Written by Joel Engardio for AJ Shankar, CEO of Everlaw
Published in Legal Tech News

What GDPR in Europe Means for the Future of AI and U.S. Regulation

Companies that control or process the personal data of customers living in the European Union are racing to comply with Europe’s new General Data Protection Regulation (GDPR). They have until May 25, 2018 to abide by the most stringent data protection legislation the world has seen — and nearly half of companies are not on pace to make the deadline, according to a recent Gartner report.

The ever-changing nature of technology can make it difficult for entrepreneurs to comply with the regulatory process. While next year’s GDPR replaces regulation from the dawn of the Internet in the 1990s, it could quickly become just as outdated.

The popularity of Artificial Intelligence (AI) and machine learning raises even more questions. Will strict regulation like GDPR impede the pioneers of an AI future? Or is government regulation a good way to ensure companies are more thoughtful in how they approach their work?

At Everlaw, we anticipate potential outcomes for our AI, and design controls to mitigate problems in advance. GDPR is the first law our compliance director has seen that touches on cybersecurity and data protection from an AI perspective. While no regulation can anticipate every need or keep up with the fast-paced technology industry, GDPR is as thoughtful as it can be. It is an excellent opportunity for software vendors who agree that keeping your customers safe makes good business sense.

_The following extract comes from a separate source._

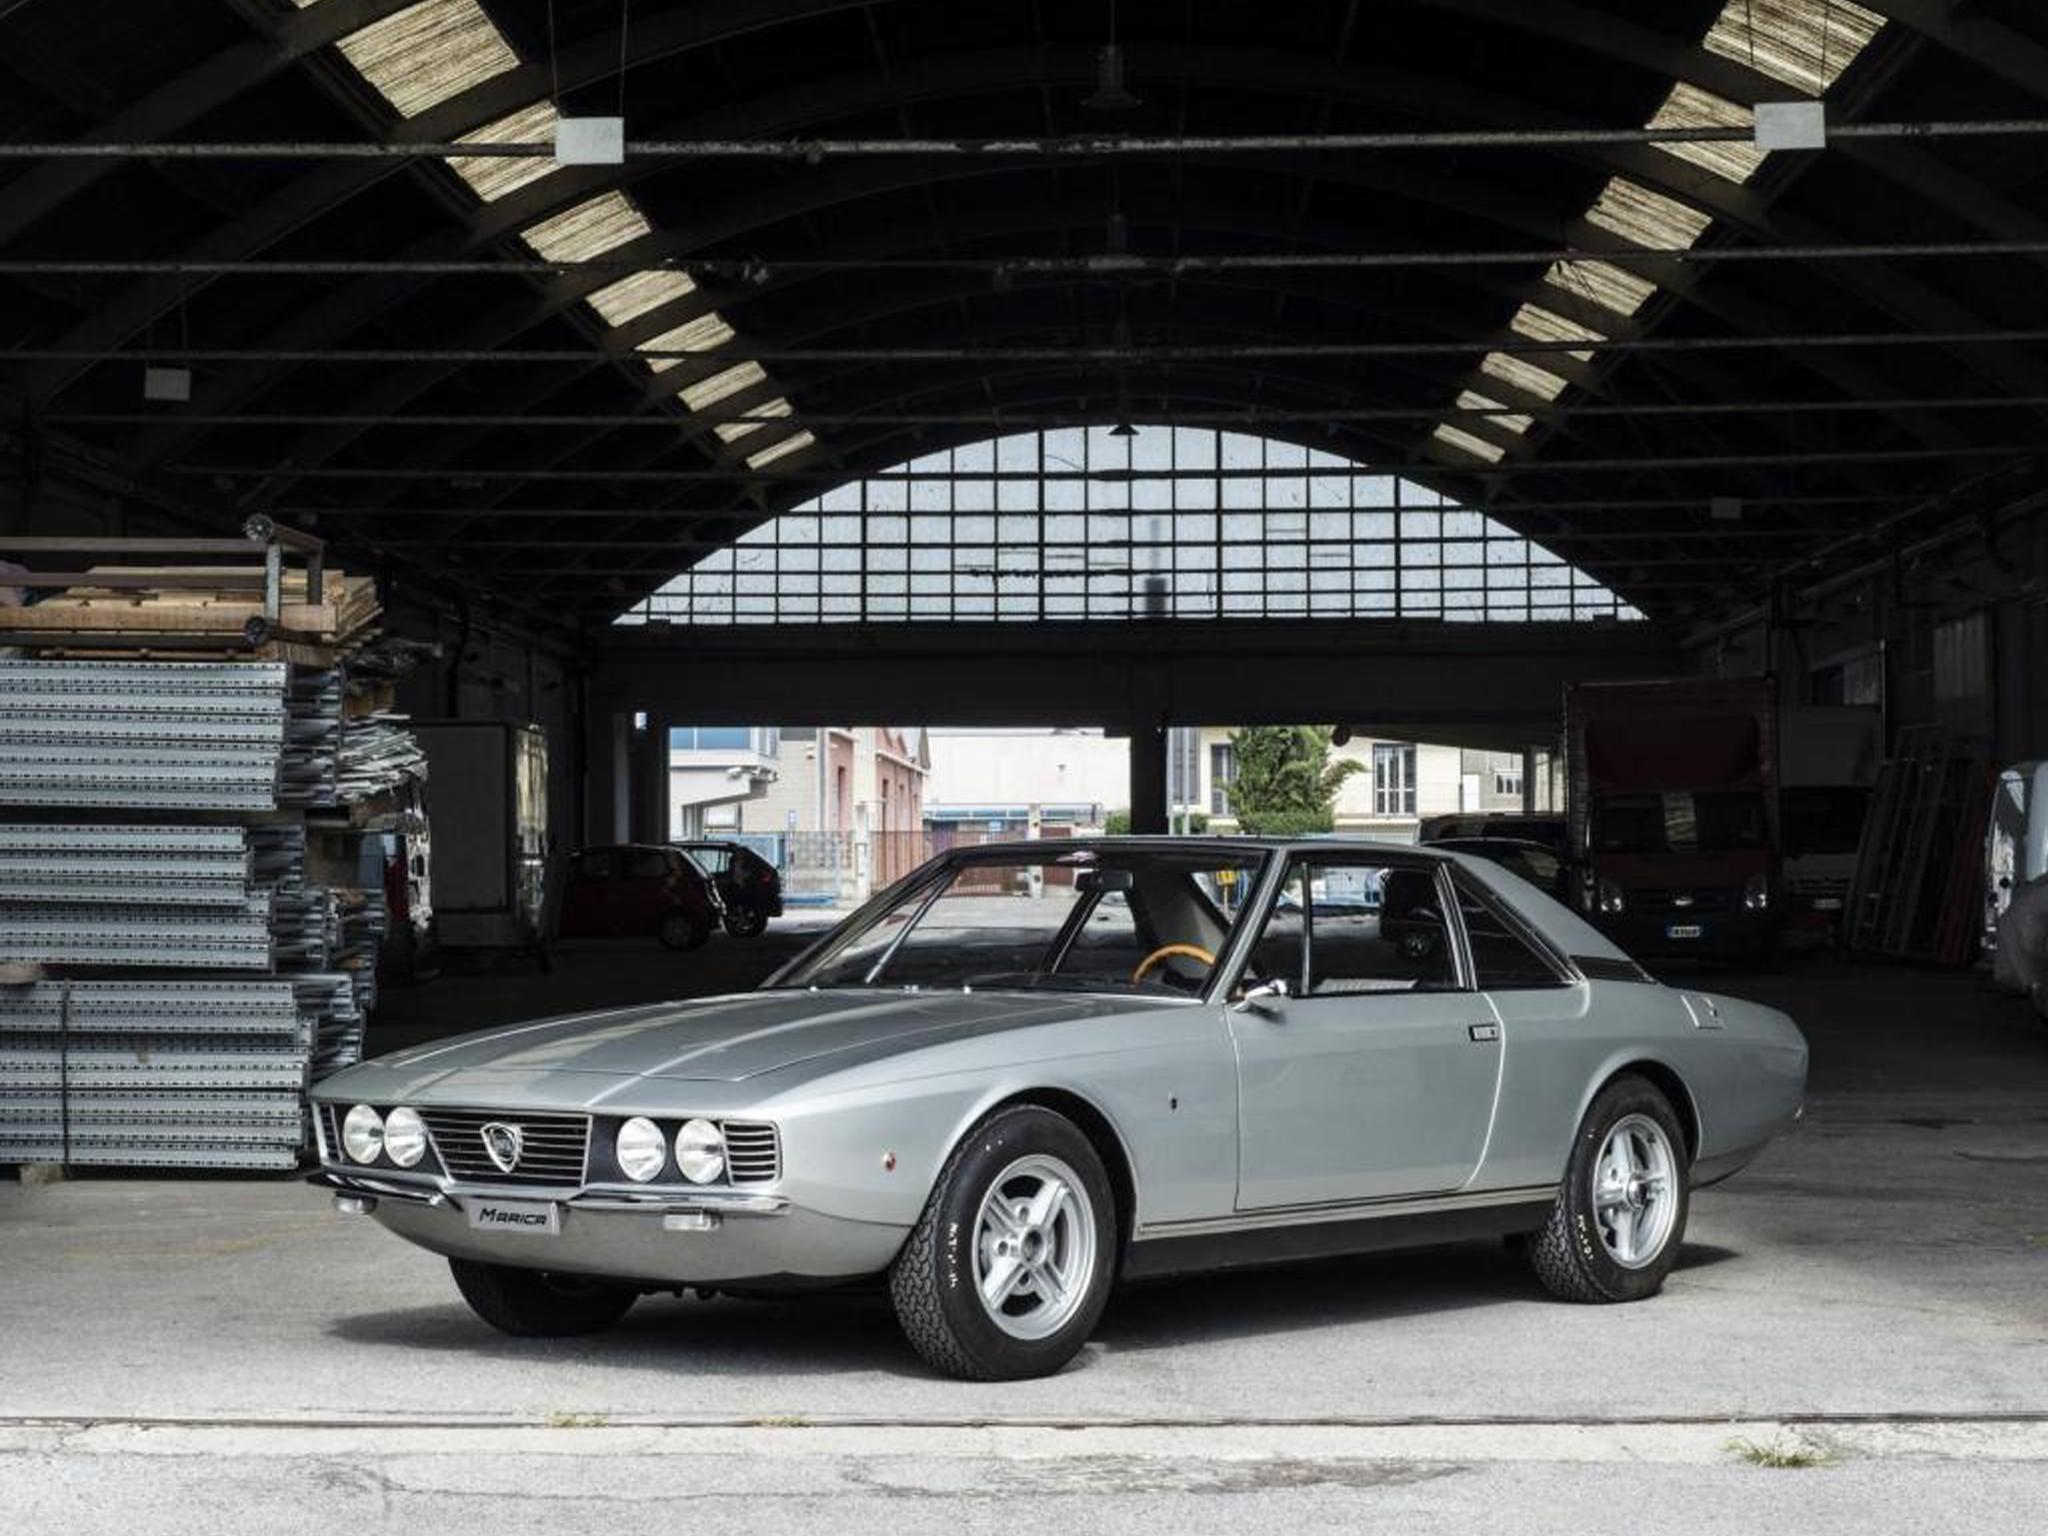 Lancia Flaminia Marica Ghia produced in 1969

In 2017, Everlaw began implementing GDPR for a client whose data is hosted in Germany, and we’ve learned a lot in the process about how sensible regulation can benefit any company. It’s shown our team what AI regulation could be like in the U.S., and provides perspective on ways smart policy makers and AI vendors can mitigate regulatory impacts on business development, while preparing for potential new laws:

What could government regulation look like for AI or machine learning?
Before we see robots entering our homes and offices, as depicted by the doomsday scenario of “Westworld,” we will most likely see regulation address transparency and fairness issues. This includes bias and discrimination based on personally identifying information.

The Fair Credit Reporting Act is one example in the U.S. of regulating automated data processing and decision-making. The news of Equifax’s security breach notwithstanding, the intention of the law is to protect the fairness, accuracy and privacy of the personal information collected by credit agencies. Similarly, the GDPR provides a scope and limits on automated data processing and consumer profiling. A key feature of the regulation is the examination of a consumer’s "right to explanation," or right to be informed where decisions are made based solely on automated processing.

What are ways to mitigate regulatory impacts?
Software vendors looking to get ahead of these requirements may use a higher level of “explicit” consent for obtaining personal data. Smart managers will de-identify data with anonymization and pseudonymization. Likewise, building privacy as a product feature, aka “data protection by design” in GDPR’s terminology, will future-proof your system’s compliance. Under these structures, directly identifying data is held separately and securely from processed data to ensure non-attribution, adding a layer of compliance with GDPR.

Prior to designing the system, you may consider subjecting your protocol to peer review. Questions to consider during this process include a) Do I need to collect Personally Identifiable Information (PII) in the first place? b) What is it being used for? c) Can it be replaced, or is it unique to my model? Like data protection by design, smart managers will recognize this protocol’s value in protecting your system against further regulatory shifts.

How can companies prepare for potential regulation?
Regulation and compliance are a balance between art and science. Take time to discuss how a regulation could apply to your company. Once you have settled on a protocol, document both it and the rationale to pass future audits or other types of scrutiny. Prioritize the protocol’s enforcement in real practice. Enactment in real life is more important than a process on paper. As with any area of regulatory compliance, it’s worth taking the time to ensure this program is successfully implemented. A smart manager is willing to wear lots of different hats to get the work done.

Nearly 40 percent of American voters say they believe the tech industry will create the most jobs in the next decade, according to the U.S. Chamber Technology Engagement Center. But there is also rising concern about how the industry will use personal information, especially in automated and AI contexts. That’s why it is important to have a healthy balance between innovation and useful government regulation. There is a very productive middle ground that both respects individual privacy preferences and creates real value for users.

When it comes to AI, we should not let a fear of robots prevent the benefits newly efficient systems can provide. We can welcome thoughtful regulation to ensure AI helps people enjoy more productive lives.